Ed Madden, BL, looks at a recent England and Wales High Court case in which the Court considered the effect of a conviction for fraud on a subsequent Fitness to Practise Panel hearing
In May 2023, the England and Wales High Court delivered its judgment on an appeal by a mental health nurse against a decision of the Fitness to Practise Panel of the Nursing and Midwifery Council to strike her off the register. When the case came on for hearing, the Court was told that in April 2022, the Appellant, Neneh Fofanah, was convicted at Nottingham Crown Court on six counts of fraud. The fraud spanned a period from July 2014 until October 2015 while she was employed by the Cheshire and Wirral Hospital Trust (‘the Trust’). It took the form of ‘dishonestly making false representations for gain’.
Five of the six representations were as to fitness for work (the representations being that she was unfit for work). The other representation was as to being on compassionate leave. In short, the prosecution case was that based on those representations Miss Fofanah received payments from the Trust (in respect of sick leave and compassionate leave), while at the same time working as a ‘bank nurse’ in Derby for which she was also paid. She was sentenced to nine months’ imprisonment, suspended for 18 months; together with an unpaid work requirement of 150 hours; and a rehabilitation activity requirement of 15 days. Miss Fofanah contended that the conviction was a miscarriage of justice and that she was not guilty of fraud.
In essence, her position was that she was not dishonest, that she acted with the knowledge of her employer, and that false allegations were made against her. She claimed that she was genuinely unfit for the Cheshire and Wirral work but that her work as a bank nurse was of a different nature and therapeutic. Her attempts to appeal the criminal conviction failed albeit that at the date of delivery of the High Court judgment, the matter was still under consideration by the Criminal Cases Review Commission (the official independent body that investigates potential miscarriages of justice).
Giving his judgment in the case, Mr Justice Eyre said that an appeal (from a decision of the Fitness to Practise Committee) will be allowed if the decision under appeal was wrong, or if it was flawed as being unjust because of a serious procedural irregularity.

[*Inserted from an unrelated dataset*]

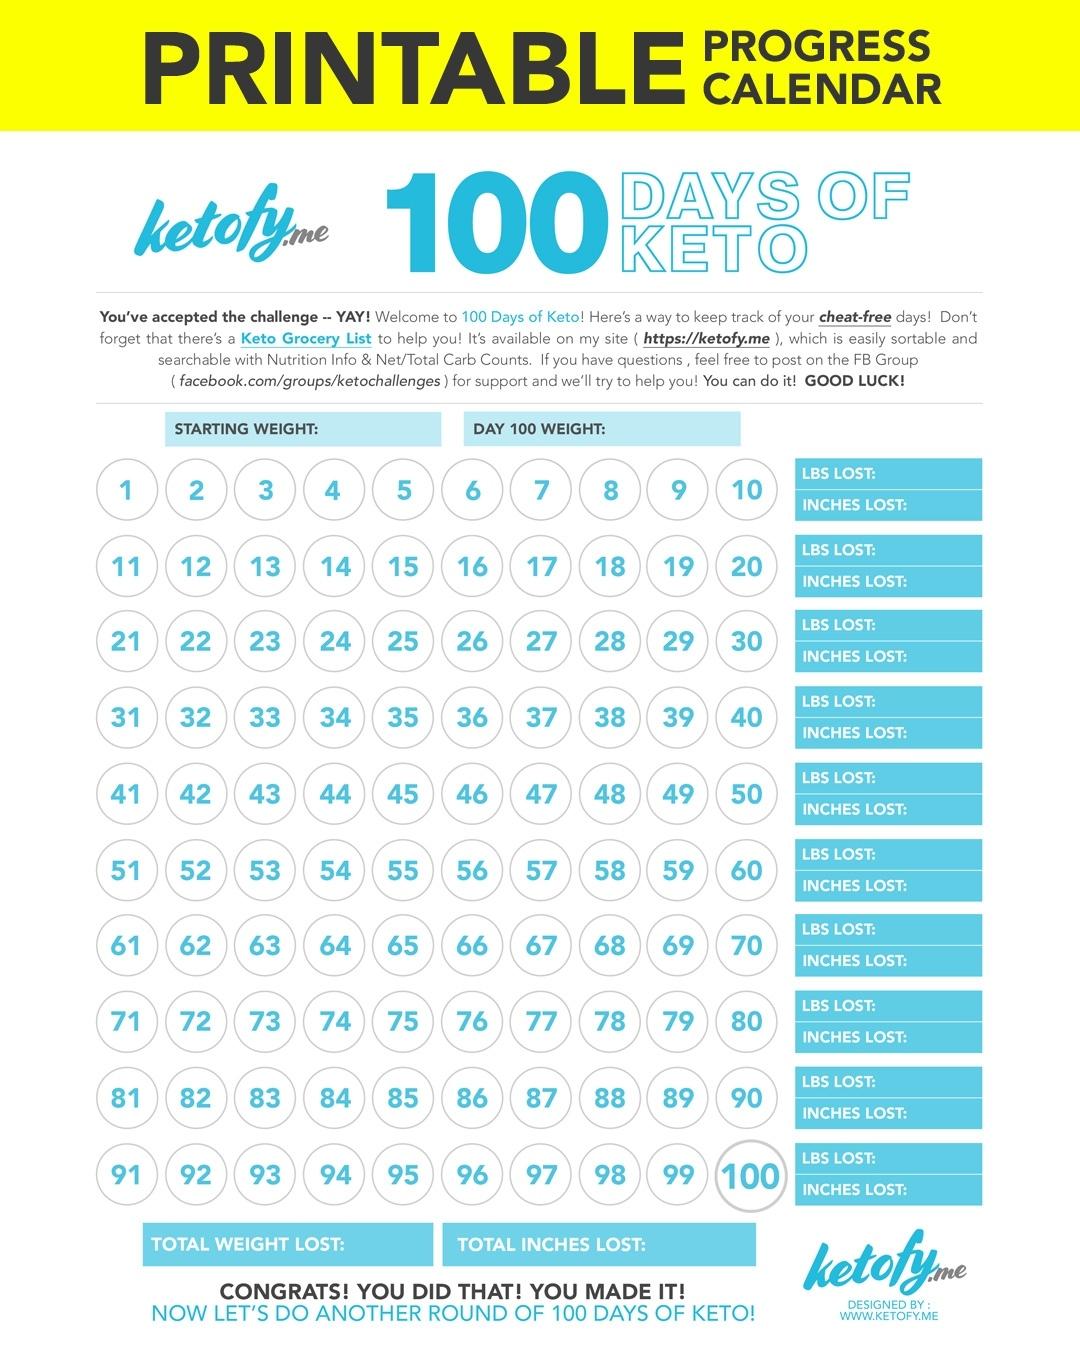 Keto ~ Fy Me | Cut Carbs, Not Flavor! • 100 Days Of Keto 100 Day Countdown Calendar Printable
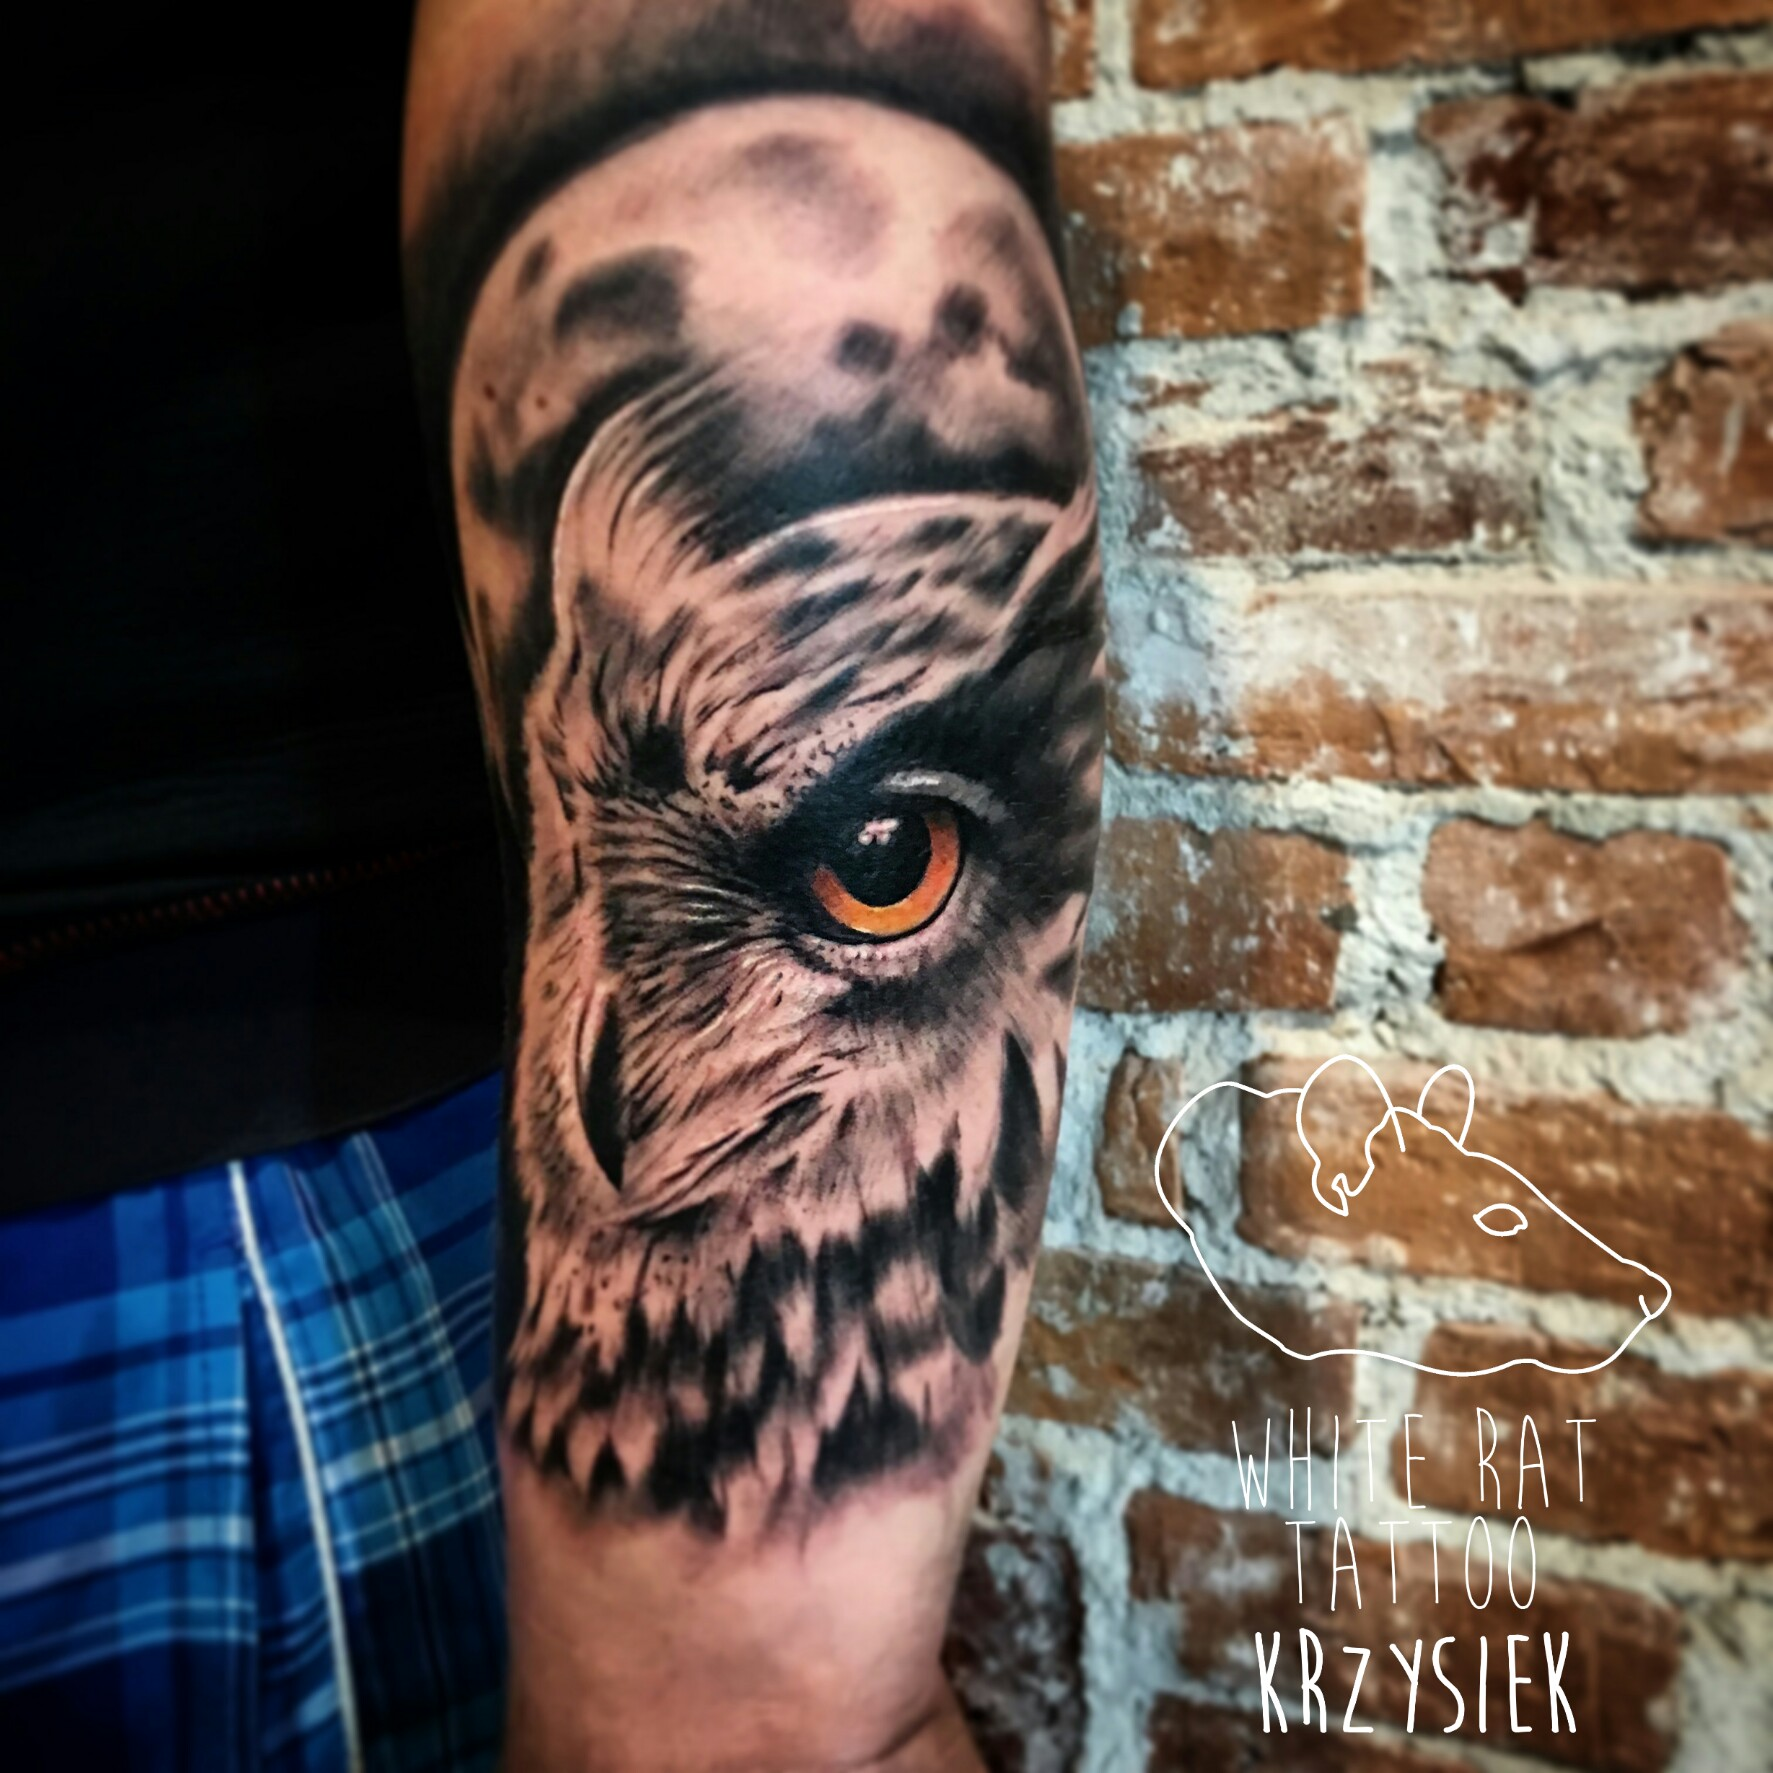 Studio Tatuażu Warszawa Krzysztof Jakubowski Tatuaż Sowa White Rat

The Appellant’s contention in the present case was that the decision was wrong. In considering the matter, the judge would exercise his own judgment while having regard to the particular expertise of the panel and the breadth of its discretion.
Insofar as relevant, rules 31(2) and (3) of the Fitness to Practise Rules provide as follows: “(2) Where a registrant has been convicted of a criminal offence … (a) a copy of the certificate of conviction, certified by a competent officer of a Court in the United Kingdom … shall be conclusive proof of the conviction; and (b) the findings of fact upon which the conviction is based shall be admissible as proof of those facts. (3) The only evidence which may be adduced by the registrant in rebuttal of a conviction certified … in accordance with paragraph (2)(a) is evidence for the purpose of proving that she is not the person referred to in the certificate.”
One of the grounds of appeal advanced by Miss Fofanah was that because her conviction was being reviewed by the Criminal Cases Review Commission, she should be allowed to return to work pending the outcome of that review. The judge ruled that unless and until the conviction was overturned, the Panel was obliged to proceed on the basis of the conviction.
Dealing with the Appellant’s contention that the Panel should have investigated the facts underlying the conviction and not taken the conviction at face value, the judge said that such an approach was not open to the adjudicating body. The Panel by reason of rules 31(2) and (3) was compelled to regard the conviction as conclusive as to its facts and also to regard the findings of fact as proof of the facts underlying that conviction. Not only was that approach in accordance with the rules, but it was clearly correct as a matter of principle.
The Panel was entitled and indeed bound to proceed on the basis of the dishonesty established by the conviction. In those circumstances it was also entitled to conclude that there was impairment of the Appellant’s fitness to practise. Any other conclusion would have been bordering on the perverse. In those circumstances, it was certainly not disproportionate for the sanction of striking off to be imposed. It would have been surprising if any other sanction had been imposed in a situation where Miss Fofanah was maintaining the stance that she had done nothing wrong.
The Court went on to dismiss the appeal.